Macro Machines

1.     What is a "Macro Machine"?
2.     What is a Macro Machine good for?
3.     How can one TM simulate another TM?
4.     How are Macro Machines constructed?
4.1     Multi-Symbol Macro Machines
4.2     Backward-Symbol Macro Machines
4.3     Pushing Multiple Macro Machines
5.     But, how are Transitions of Macro Machines defined?
5.1     Transitions for Multi-Symbol Macro Machines
5.2     Failure to define a Transition
5.3     How to detect endless Loops with limited Tapes?
5.4     Transitions for Backward-Symbol Macro Machines
6.     Macro Machines and Tape Cell Repetition Counts
7.     Lazy Transition Computation
8.     Further Reading

You may also want to consult my glossary.

1. What is a "Macro Machine"?

A "macro machine" (MM) is a Turing Machine (TM), which is constructed in a certain way. The construction of a MM is always based on some other TM, which the MM shall "simulate".

The MM techniques described here are used in the awk program to generate simulations of many record TMs. That awk program is accessible from the simulations page.

2. What is a Macro Machine good for?

In short: it shall be faster.

If you want to run a TM like this monster till the end, there is not much hope to do it with special hardware, but also not with software which does not somehow accelerate the simulation. MMs are an important first step to accelerate simulation.

MMs also can help to prove non-halting, see e.g. this TM with 80-bit wide symbols.

3. How can one TM simulate another TM?

Let us remember, what constitutes a TM (including a MM):

States that have no transitions defined, are halt states: the TM just does not know how to proceed.

The TM that simulates another one is said to be "on top of" the other TM, or to be "above" the other TM.

The states of the higher TM need not be identical with the lower TM's state, but they map to the lower TM's states: for every higher state there is a lower state.

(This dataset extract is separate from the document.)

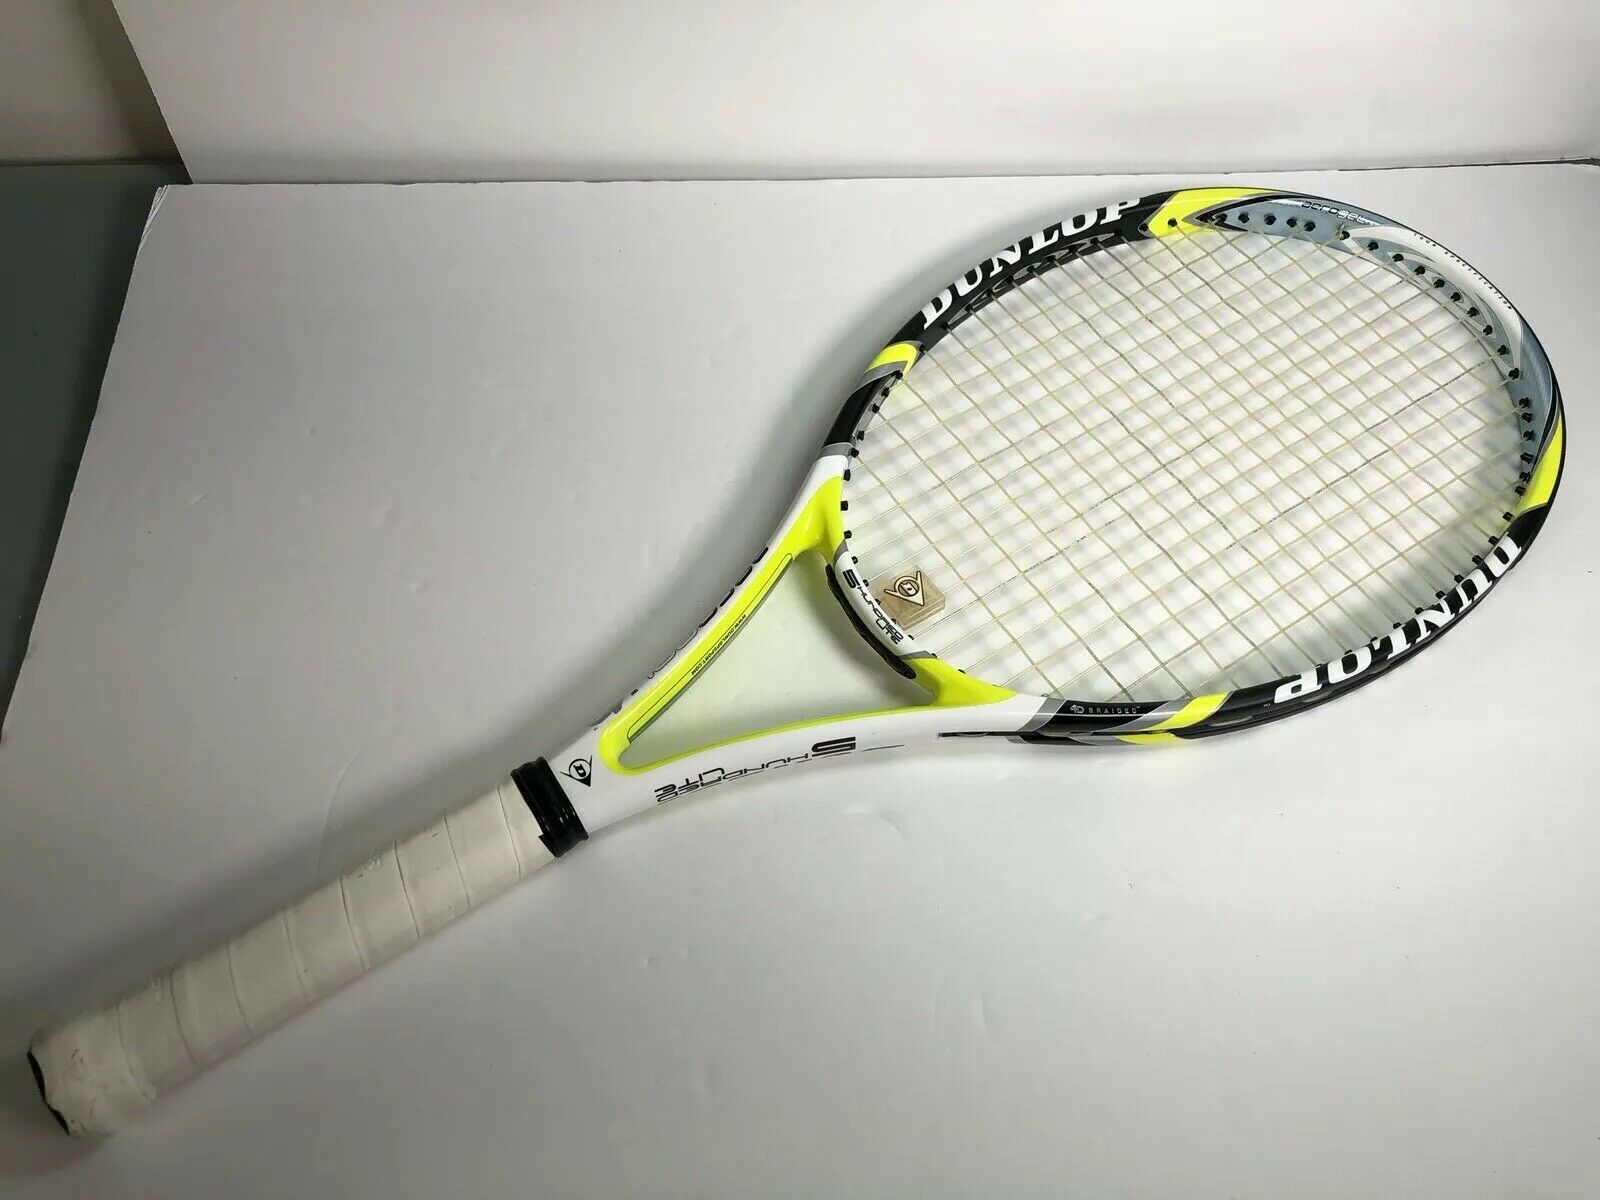 Dunlop Aerogel 4D 500 Lite 100 cabeza 4 1 4 Tenis Raqueta Bolsa de patrón de agarre 16x18

The symbols and tape contents of the higher TM need not be identical with the lower TM's symbols and tape contents, but they map to the lower TM: any tape of the higher TM can be converted back into a tape for the lower TM.

Whenever the "higher" TM does a single step, the resulting configuration (state, tape and head position) maps to a configuration of the lower TM, which the lower TM would have reached after 1 or more of its steps. I.e. the higher TM groups a bunch of the transitions (steps) of the lower TM into a single transition (step).

Due to this grouping effect the higher machine obviously can be faster than the lower machine. While we have some overhead to determine the higher machine's transitions, we can remember them, and that pays off when we use them multiply. And there is no reason why we should not go on and put yet another simulation TM on top of the just constructed one. The new TM may be significantly faster than the old one.

The first TM, that is not built on top of another TM, is called the "basic TM." Selecting a MM for simulation on top of another TM is called "pushing" the (higher) MM "onto" the (lower) TM.

That is still quite abstract. Read on...

4. How are Macro Machines constructed?

While the abstract definition above leaves a lot of room for creative constructions, there are two main construction methods (as used by the author), decribed in the next two sections.

4.1 Multi-Symbol Macro Machines

A multi-symbol Macro Machine (MS-MM) combines a fixed number of tape symbols (say K of them, K>=1) into its new symbols. How large K is, is up to you. Such a MM is called a K-MM (for some number K).

This way we build up a new, larger set of symbols. When we e.g. "push" a MS-MM with K=3 "onto" a TM with 2 symbols we now have a 3-MM with 2K=8 new symbols. Accordingly the tape cells of our higher TM now each contain a new symbol, each worth (standing for) a series of K lower symbols.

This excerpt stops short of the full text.